# help with bedroom/projection room



## kyledima (Apr 30, 2014)

i have a small bedroom that is made of wood paneling, i am trying to arrange the room so i can watch media from my bed. i had a designated media room with a projector mounted in my old home, but i dont have enough room to do it in my current home. the room is narrow but wide. (a queen bed touches both sides of the walls when positioned on its side (head to foot) my main concern is the wooden panels. if you have an suggestions or need more clarification just let me know. also i will try to get exact dimensions asap.


----------



## NBPk402 (Feb 21, 2012)

For starters... :T
What are the dimensions of the room?
Which way will the room orientation be, ie. facing the long way or the short way.
What is your budget?
Can you hang a screen on the wall?
Is this a rental, where you can't put holes in the wall?
Does the room have light control issues?


----------



## kyledima (Apr 30, 2014)

i will get the dimensions asap out of town until 30th
the room would go the long way as i dont think the projector would be useful on the short side (fits a queen bed snugly
$500.00
possibly the screen would have to be hung in the grooves on the wood paneling 
it is owed (this home has a huge living room, but also has french doors and a bay window) also this only temp we are adding an addition but not sure when it will happen
no light control issues only one window with shades and curtains


----------



## NBPk402 (Feb 21, 2012)

Do you have a projector currently or do you need to buy one?
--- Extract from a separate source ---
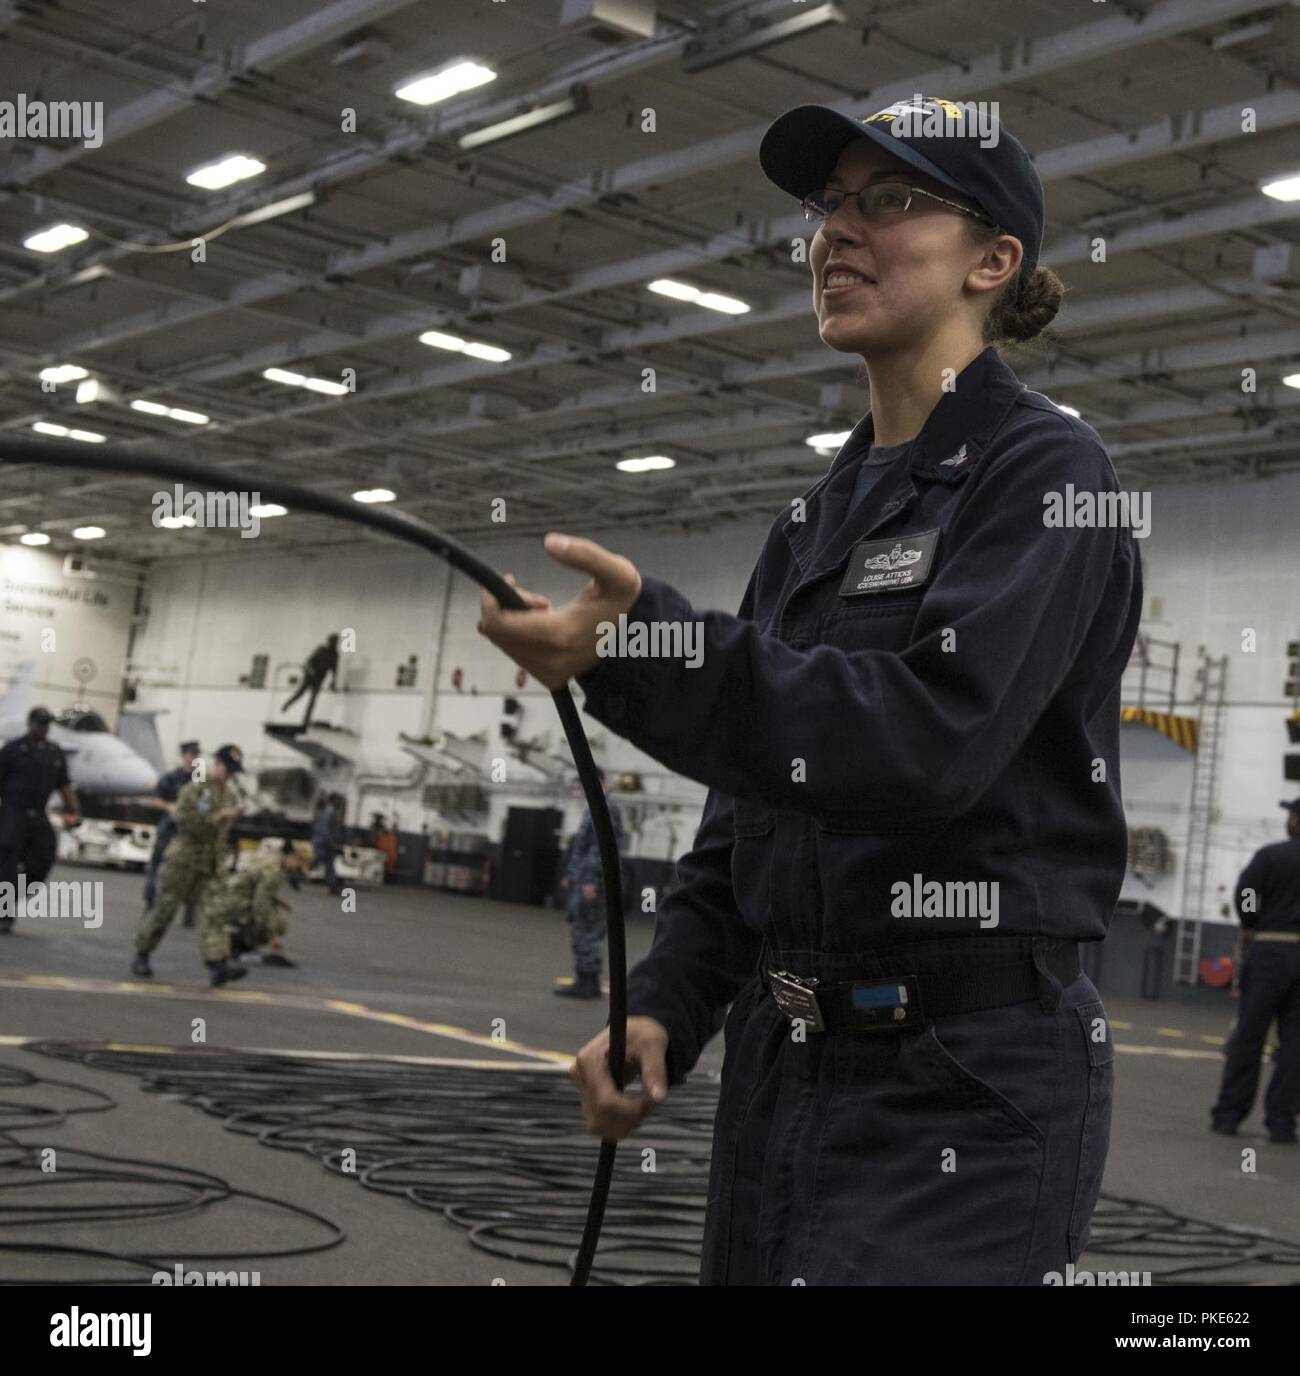 NORFOLK, Va. (July 25, 2018) Interior Communications Electrician 3rd Class Louise Atticks, from Harrisburg, Pennsylvania, coils plain old telephone system (POTS) lines during cleaning stations aboard the aircraft carrier USS George H.W. Bush (CVN 77). The ship is in port in Norfolk, Virginia, conducting routine training exercises to maintain carrier readiness. Stock Photo

What equipment do you have, and what do you want to buy?


----------



## kyledima (Apr 30, 2014)

i have a projector and wall mount
i need surround sound, some way to project on the wood panels, and an easy way to hook up my dvd xbox and Directv to my projector in a organized fashion as this temporary. other than that i will use some of the stuff from the old setup


----------



## NBPk402 (Feb 21, 2012)

kyledima said:


> i have a projector and wall mount
> i need surround sound, some way to project on the wood panels, and an easy way to hook up my dvd xbox and Directv to my projector in a organized fashion as this temporary. other than that i will use some of the stuff from the old setup


How big will the screen be?


----------



## kyledima (Apr 30, 2014)

7 ft


----------



## NBPk402 (Feb 21, 2012)

kyledima said:


> 7 ft


You might be able yo make a screen out of Formica... I believe that is what some people do. If not then you can easily make a wood frame and stretch the material over it. My last screen I bought some Draper screen material for less than $50 and made a wood frame in an afternoon and it worked out fine for 5 years (till I sold the house and moved).


----------



## kyledima (Apr 30, 2014)

also how can i hook up my other media and make use of the little space i have


----------



## NBPk402 (Feb 21, 2012)

I would get a AVR and hook up everything to it and then hook that up to the projector. That is how I do mine.


----------



## kyledima (Apr 30, 2014)

ok what about the directv would it work properly if it was hooked to the avr (hd dvr)


----------



## NBPk402 (Feb 21, 2012)

kyledima said:


> ok what about the directv would it work properly if it was hooked to the avr (hd dvr)


90% of all AVRs have HDMI, SVHS, component, and composite inputs (I have not seen a new one that doesn't have all of the hookups listed... Some older ones will not have HDMI, and even older ones won't have component.), which should cover you for anything you want to hookup other than possibly a PC. On a PC you can most likely (if it won't hookup to the AVR) hook it up directly to the projector for video and hookup the audio to an available input on the AVR.All you need is a AVR that has enough inputs to do what you need.


----------



## kyledima (Apr 30, 2014)

i had done some research. first time buying do you have any suggestions for a avr speaker combo


----------



## kyledima (Apr 30, 2014)

also this may be pushing it but is there a way to control the avr with an iphone not sure if its possible
i can spend a fair amount as i am keeping that


----------



## NBPk402 (Feb 21, 2012)

kyledima said:


> also this may be pushing it but is there a way to control the avr with an iphone not sure if its possible
> i can spend a fair amount as i am keeping that


There are quite a few AVRs that have iPhone control... I am not sure about in the $500 range including speakers though.


----------



## kyledima (Apr 30, 2014)

ok do you have a guesstamet of how much it would cost just a guess


----------



## NBPk402 (Feb 21, 2012)

I believe this one will do it... http://usa.denon.com/us/Product/Pag...atId=AVReceivers(DenonNA)&Pid=AVRE400(DenonNA)

Here is a package deal on one with speakers... http://www.accessories4less.com/mak...-speaker-package-black/1.html#!specifications

This was just a quick search... There could be better setups that will do the same for the same cash or less...


----------



## kyledima (Apr 30, 2014)

Thank you for all of your help


----------